* _MATERIAL PROVIDED_
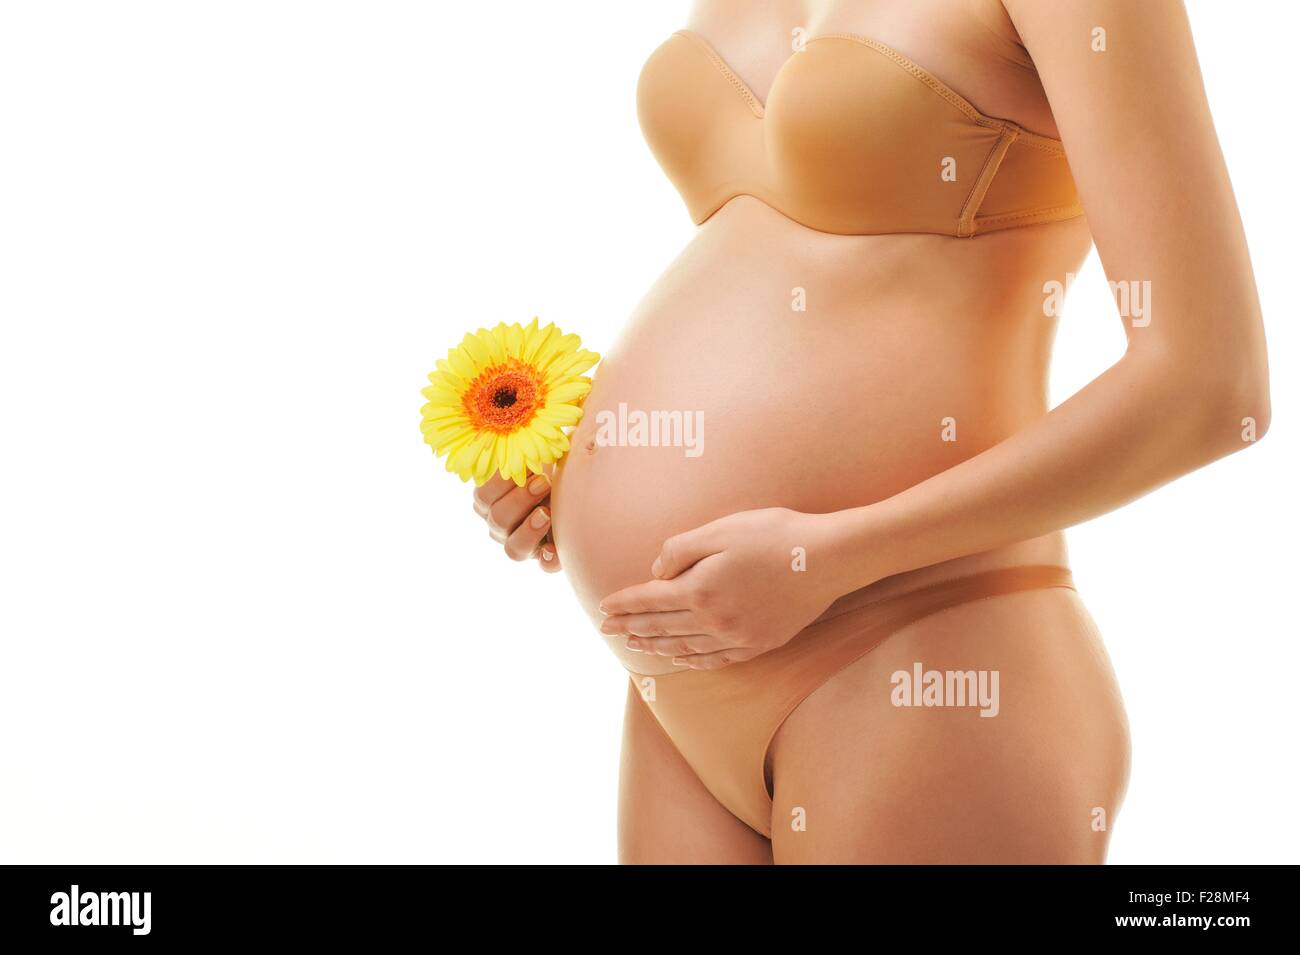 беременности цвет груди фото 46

==

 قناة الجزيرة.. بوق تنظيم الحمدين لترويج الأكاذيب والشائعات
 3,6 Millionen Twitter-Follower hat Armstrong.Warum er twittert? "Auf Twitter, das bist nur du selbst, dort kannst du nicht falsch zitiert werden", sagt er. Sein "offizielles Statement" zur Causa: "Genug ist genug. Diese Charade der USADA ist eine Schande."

* _HOW TO COMPLETE THIS TASK_
Copy word for word the stretch of entries above from the line that has "قناة الجزيرة.. بوق" through the line that has "3,6 Millionen Twitter-Follower", both ends included, and nothing outside it.

* _ANSWER TO THIS TASK_
 قناة الجزيرة.. بوق تنظيم الحمدين لترويج الأكاذيب والشائعات
 3,6 Millionen Twitter-Follower hat Armstrong.Warum er twittert? "Auf Twitter, das bist nur du selbst, dort kannst du nicht falsch zitiert werden", sagt er. Sein "offizielles Statement" zur Causa: "Genug ist genug. Diese Charade der USADA ist eine Schande."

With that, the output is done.